Understanding the function of oral mucosal epithelial barriers is essential for a plethora of research fields such as tumor biology, inflammation and infection diseases, microbiomics, pharmacology, drug delivery, dental and biomarker research. The barrier properties are comprised by a physical, a transport and a metabolic barrier, and all these barrier components play pivotal roles in the communication between saliva and blood. The sum of all epithelia of the oral cavity and salivary glands is defined as the blood-saliva barrier. The functionality of the barrier is regulated by its microenvironment and often altered during diseases. A huge array of cell culture models have been developed to mimic specific parts of the blood-saliva barrier, but no ultimate standard in vitro models have been established. This review provides a comprehensive overview about developed in vitro models of oral mucosal barriers, their applications, various cultivation protocols and corresponding barrier properties.

Introduction

Ever since evolution allowed for cell type specialization and compartmentalization, the formation of biological barriers gained specific importance. The major interfaces between an organism and the external environment or between different compartments are made up of organized and continuous epithelial cell sheets. Important barrier-forming epithelia are building up the epidermis, the surfaces of the eyes, the surfaces of the digestive, respiratory, reproductive and urinary tracts and the ducts and secretory cells of different glands.Citation1 Depending on their location, epithelia accomplish several critical functions. Concretely, they play a major role in maintaining homeostasis and act as selective filters that regulate the transcellular movement of solutes between different compartments.Citation2 At the same time, they can act as barriers to protect underlying tissue from physical and chemical damage, bacterial infection, dehydration or heat loss.Citation3 The physical barrier aspect of epithelia is defined by the cell membrane and cell junctions that tightly connect neighbor cells to each other and thereby regulate the movement of substances via the paracellular way. In addition, epithelial cell layers represent a transport barrier using influx as well as efflux proteins (transporter proteins or receptors) for small molecules as well as proteins and a metabolic barrier applying enzymes for the modification or conversion of molecules.

Studies on barrier functionality of several epithelial subtypes have shown that cellular barriers are no static constructs, but that they can be altered by several conditions. As an example, it is well known that inflammation and the release of proinflammatory cytokines such as interferon-γ (INFγ) and tumor necrosis factor-α (TNFα) lead to compromised permeability in in vitro models, e.g. for intestinal mucosaCitation4Citation6 or salivary glands.Citation7Citation9

Next to epithelial cell sheets, another example of an extensively studied biological barrier is the blood-brain barrier (BBB), which main component are brain capillary endothelial cells. In cooperation with other cell types such as astrocytes, pericytes or neurons, the BBB acts as a bidirectional filter controlling the exchange of substances at the interface of the blood and the fluids of the central nervous system (CNS).Citation10

In contrast to other well characterized biological barriers such as the BBB, the gastrointestinal tract or pulmonary epithelia, less research has been done on cellular barriers which separate blood compartments from saliva. This blood-saliva barrier (BSB) is mainly defined by epithelia of the oral cavity and salivary glands. In addition to epithelial cells, these cell layers are infiltrated by other cell types such as Langerhans cells, melanocytes, Merkel cells or endothelial cells forming blood vessels that might contribute to barrier functionality.

Modelling epithelia of the oral and salivary glands in vitro by cell monolayers and complex tissue engineering approaches has been a major goal of recent studies.
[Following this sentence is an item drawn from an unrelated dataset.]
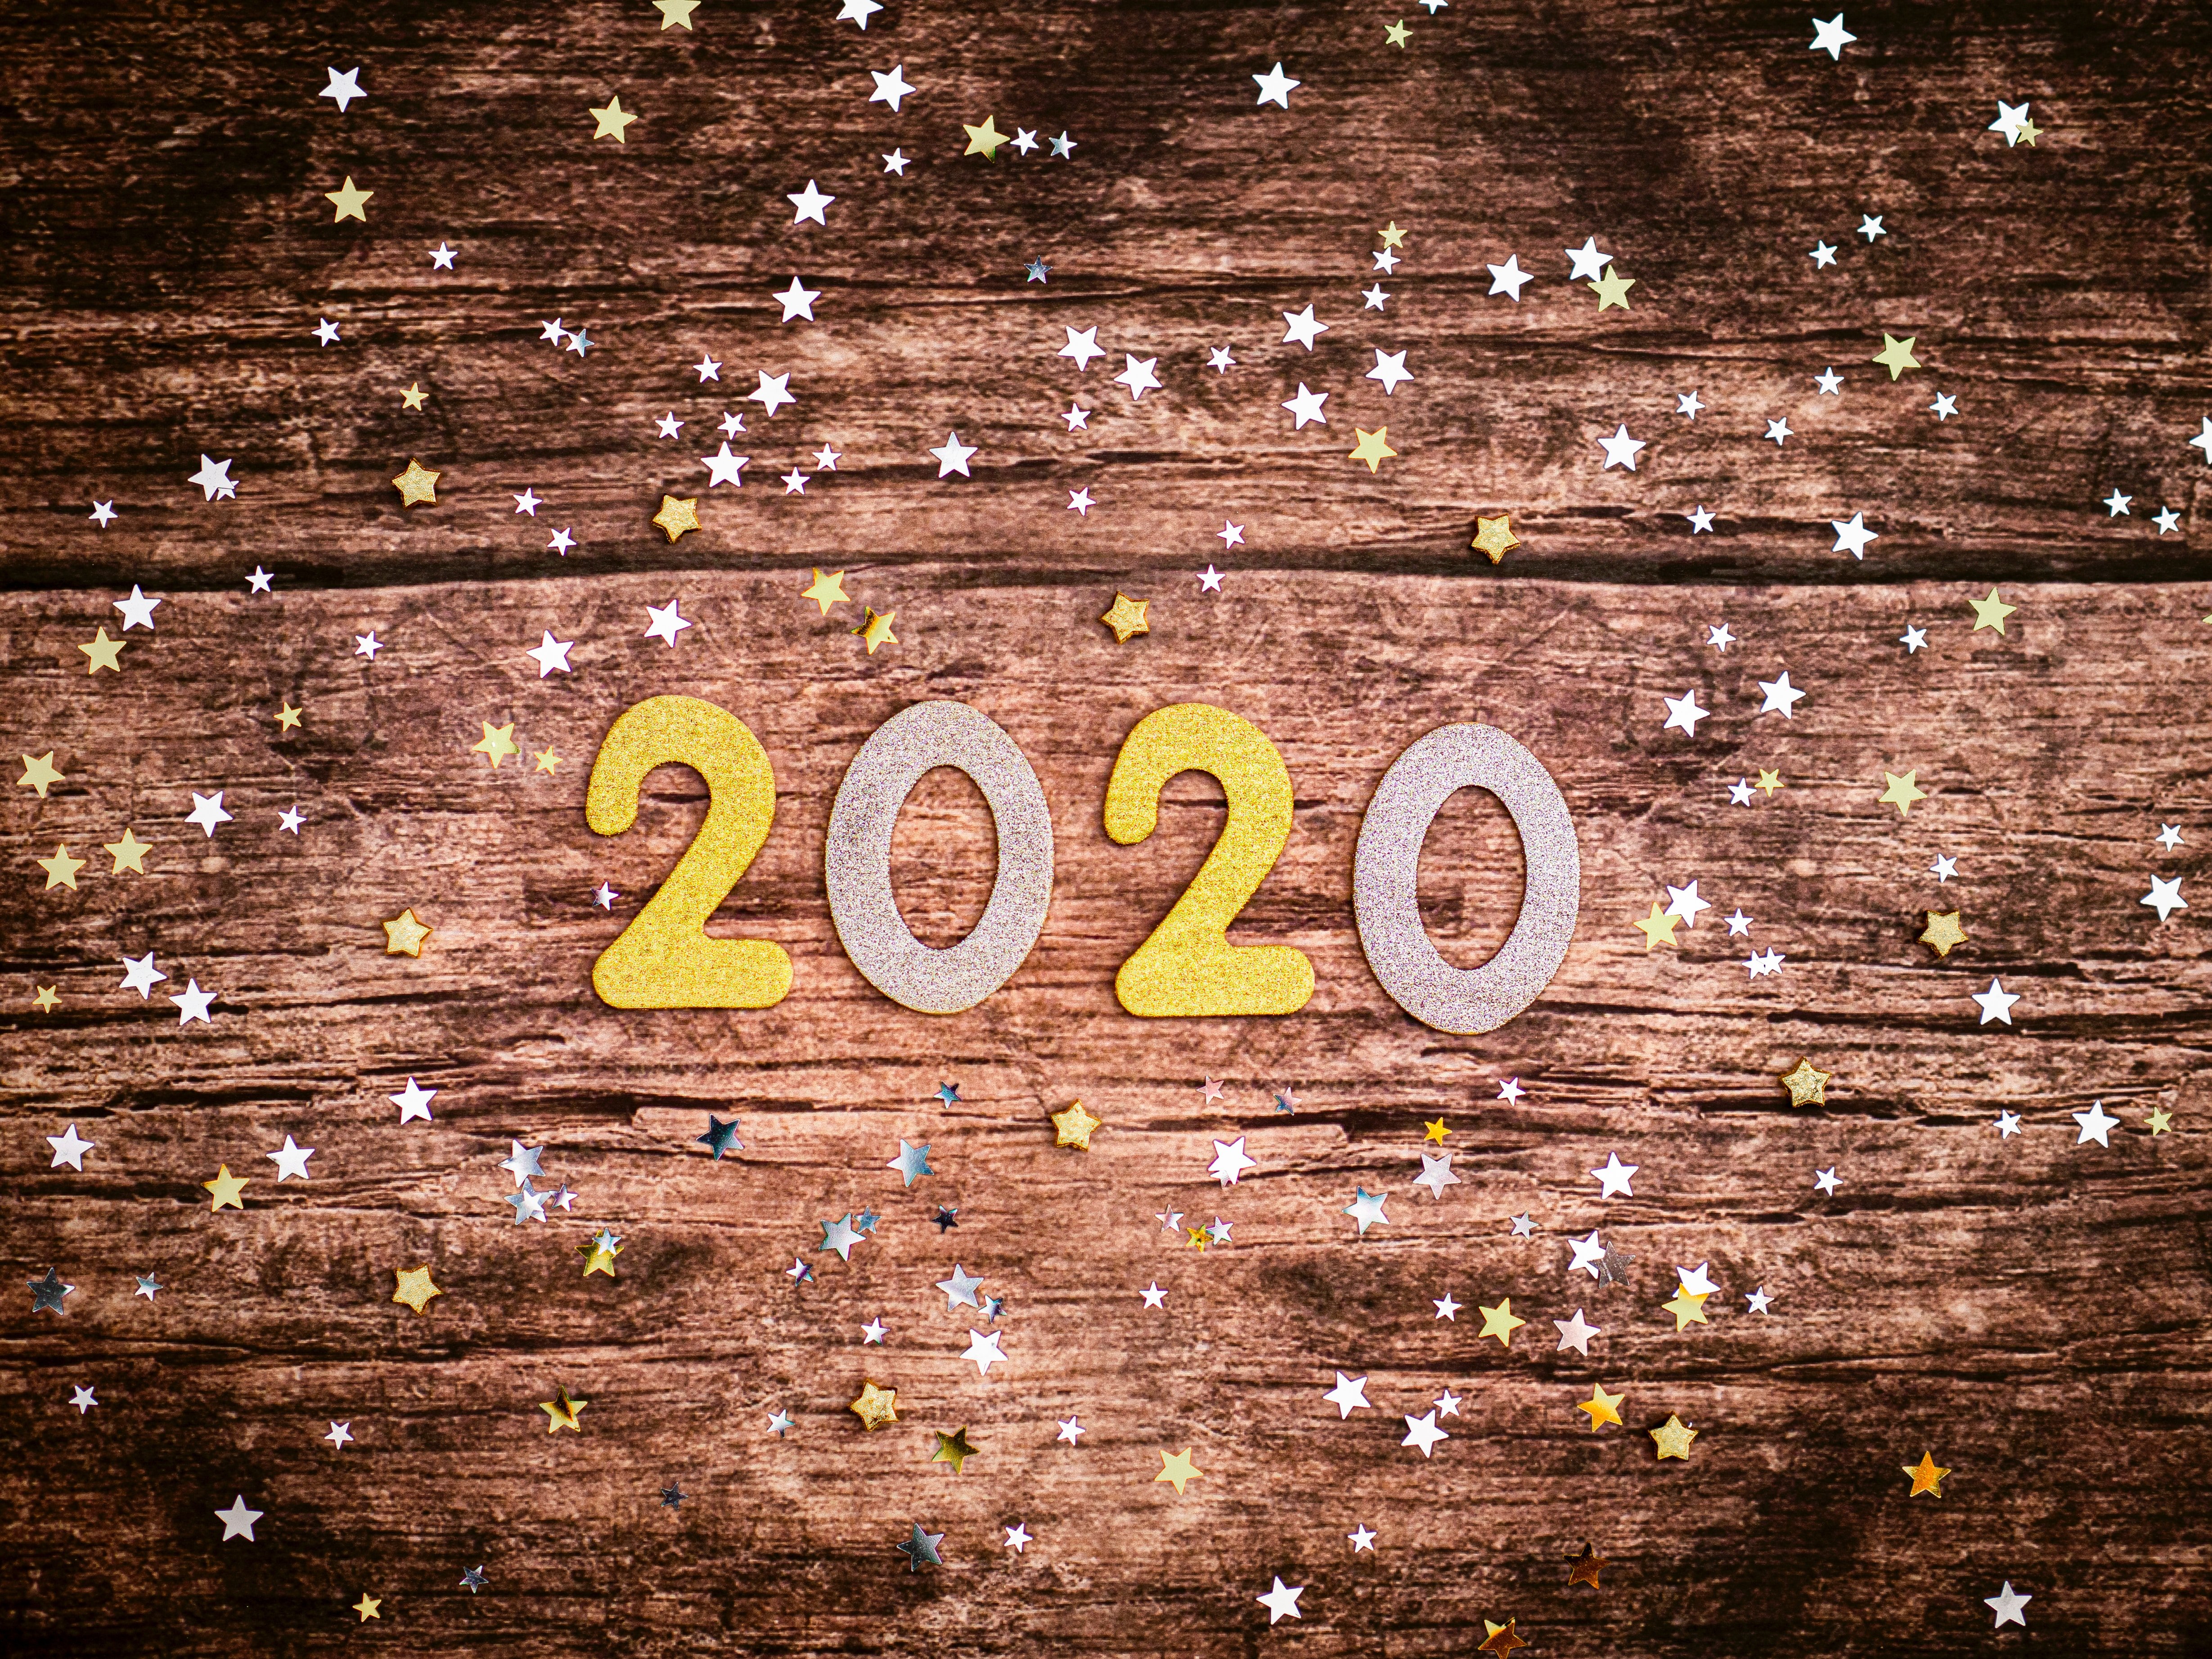 La salud entre los propósitos de 2020

A plethora of in vitro models of the BSB has been developed, but no ultimate, standardized models are established neither for models of the oral cavity nor for salivary gland epithelia. Moreover, the epithelia of different regions in the oral cavity (tongue, gingiva, buccal) exhibit significant different barrier properties.Citation11 This is also valid for epithelia from salivary glands (acini, ductal cells). In addition, differences between the three major salivary glands (glandula submandibularis, parotis and sublingualis) as well as the hundreds of minor salivary glands are probable. A minority of the studies using in vitro BSB models are dealing with transport processes of molecules across the BSB. A prerequisite to interpret these reports properly is to understand the barrier properties of these models, which are also understudied. Moreover, cell culture conditions (growth medium, supplements, cell seeding density; submerged versus air-lift set-up, cell type and origin, mono – or multicultures, 2D or 3D) distinctly influence the resulting barrier properties of the used in vitro models. Therefore, there was an essential need for a comprehensive summary considering all the different parameters for in vitro models of the BSB, on the one hand to provide a general overview for readers who are interested in the topic, but also for researchers who apply and would like to compare or improve their in vitro models. The first chapter deals generally with transport routes across epithelial cell layers in relation to the BSB with some examples, the second chapter describes how the barrier functionality is assessed in in vitro models. These two chapters provide the fundamentals in order to understand and classify the data presented in chapters three and four about barrier studies with in vitro models of the epithelia of the oral cavity and the salivary glands. Each of these two chapters begins with a short anatomical overview and general considerations, before the detailed data about the in vitro models are presented and discussed.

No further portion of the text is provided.